The housing crisis and slow economic growth of the past few years has not put a damper on the way people feel about owning a home. In fact, new research has found that 87 percent of Americans say that they still want to own a home.
Researchers found there are several factors influencing the feelings of respondents when it comes to owning a home. Seventy-five percent of respondents feel that owning a home is an important part of raising a family, but 66 percent say that buying a home is a good financial investment. Sixty percent of home owners say they will be making improvements to their home in the coming year.
"Owning a home is at the heart of most Americans' dreams," said Kevin Watters, CEO of mortgage banking at Chase, which conducted the research. "And people are saving as much as possible to achieve homeownership."
The coming months may bring consumers closer to their goals, the researchers found.
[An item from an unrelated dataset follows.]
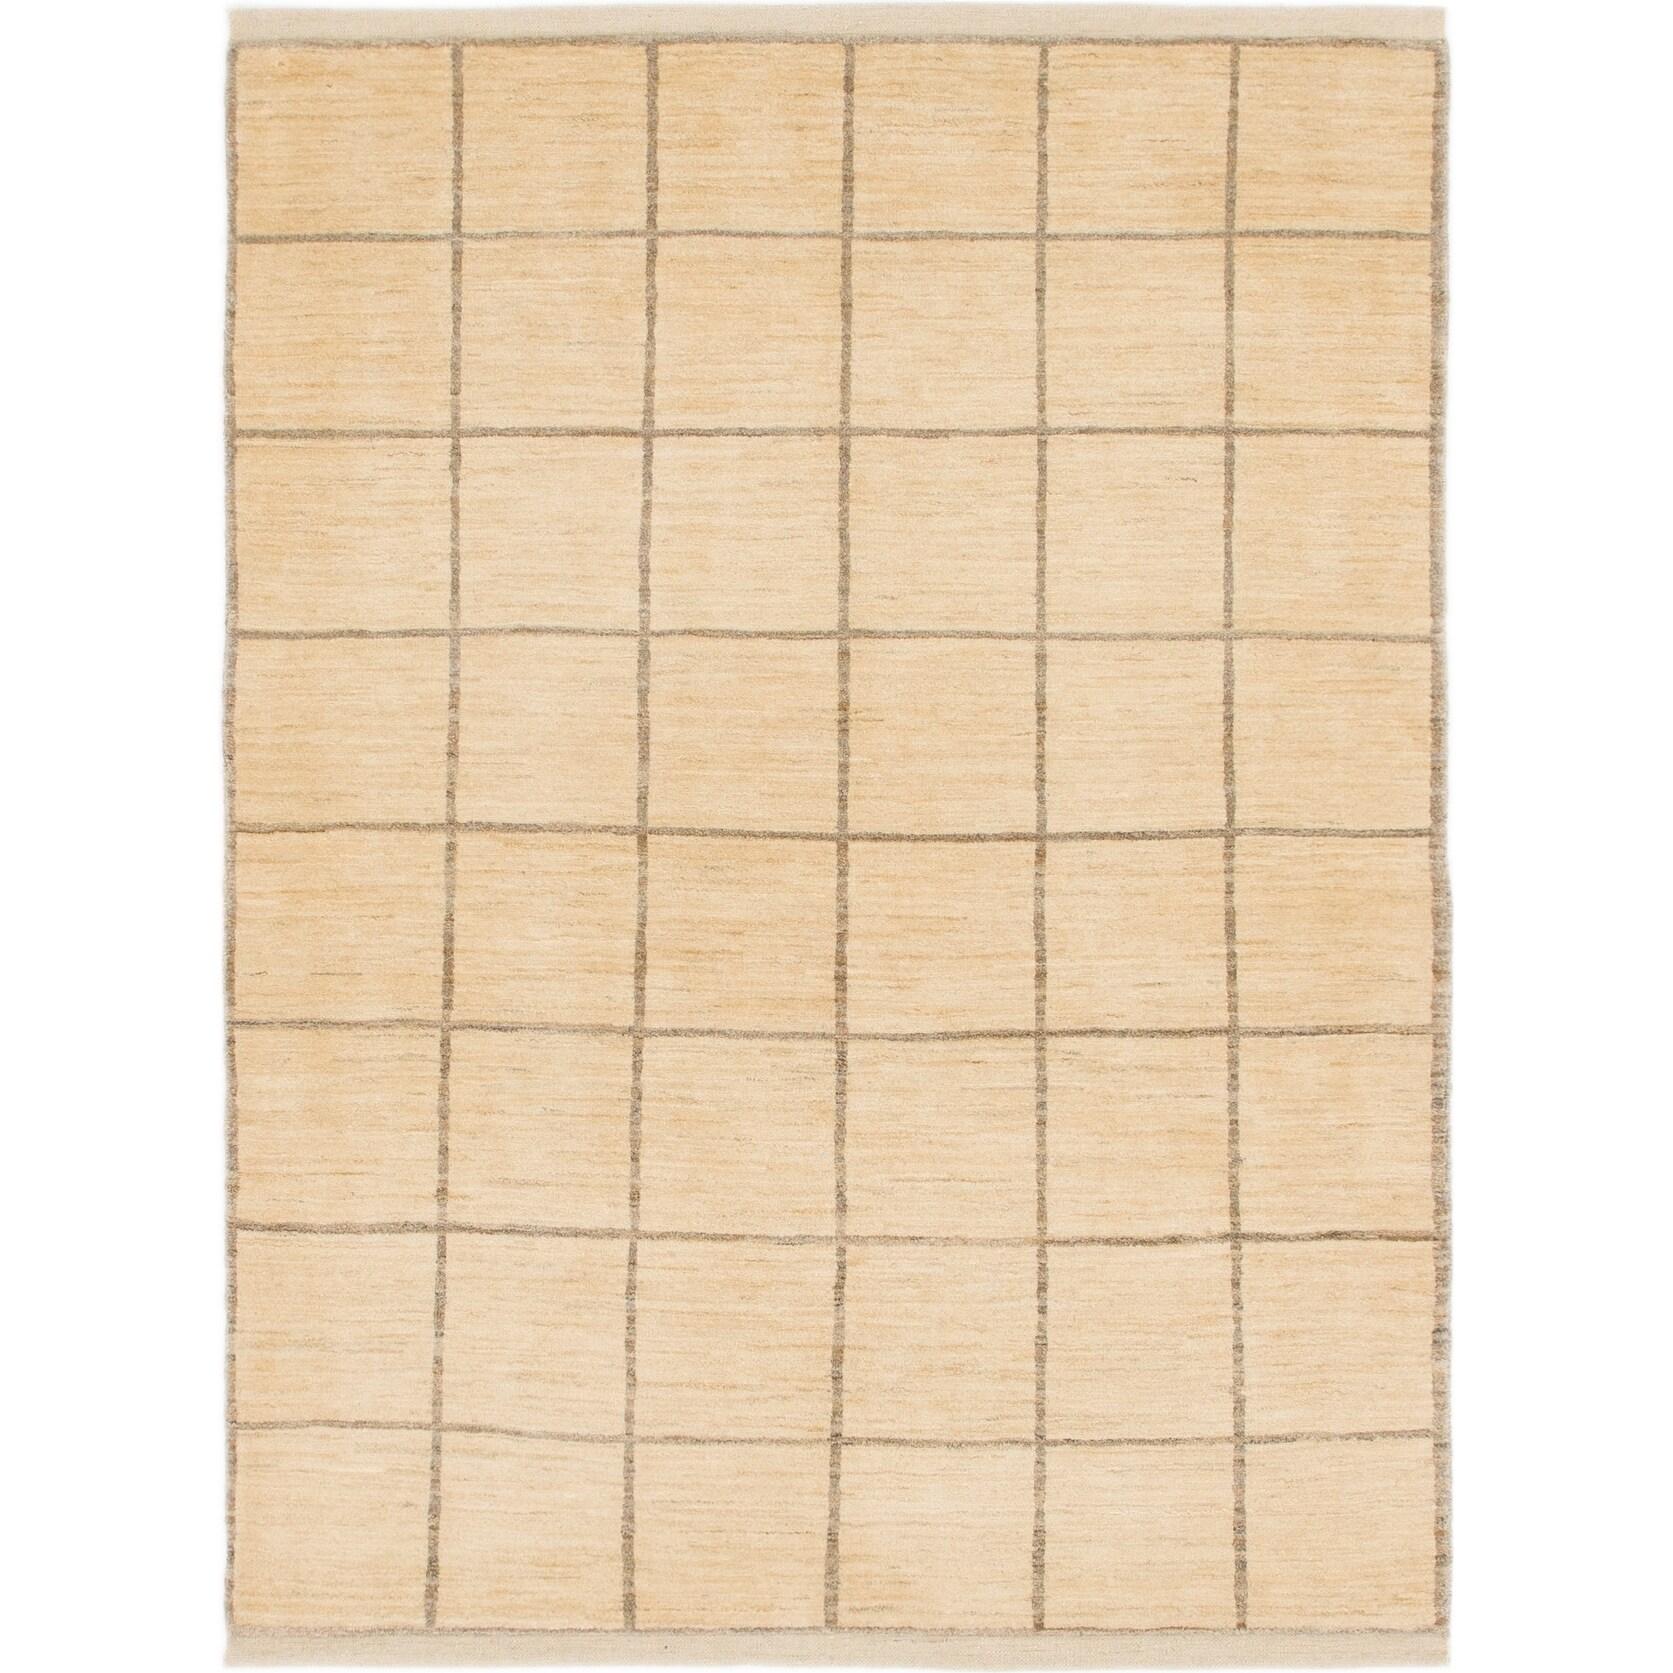 Hand Knotted Kashkuli Gabbeh Wool Area Rug - 5 x 6 10 (Cream - 5 x 6 10)
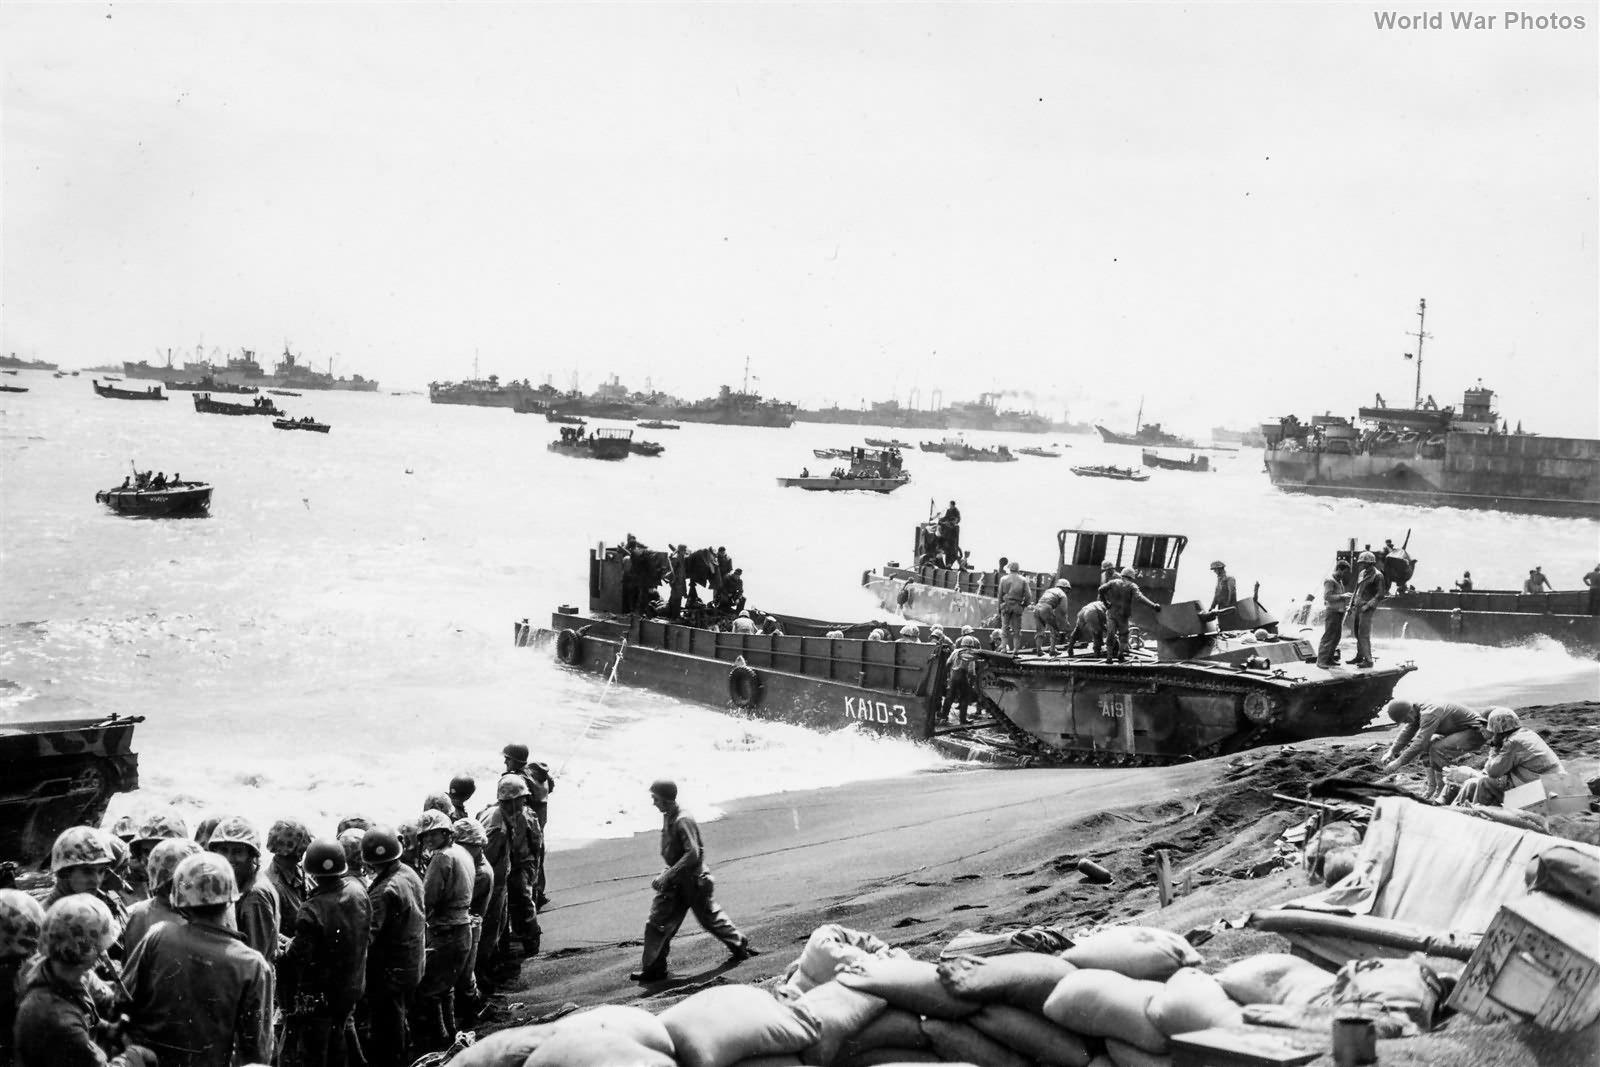 LVT DUKWs and LCVPs at Iwo Jima Beach

Fifty-six percent of consumers say that they expect the economy to improve in the next six months, while just 8 percent of people say the economy will worsen. Additionally, nearly twice as many potential home buyers say that they are optimistic in their ability to save for a down payment on a home.
However, not all Americans share in that optimism. A majority of renters say that the ability to own a home has become much harder in recent years.
"First-time home buyers are crucial to the housing market and the overall economy — and to their communities," Watters said. "As families buy their first home, they are investing in their communities and enable other families to move up. That will eventually spur more new construction, generating additional jobs."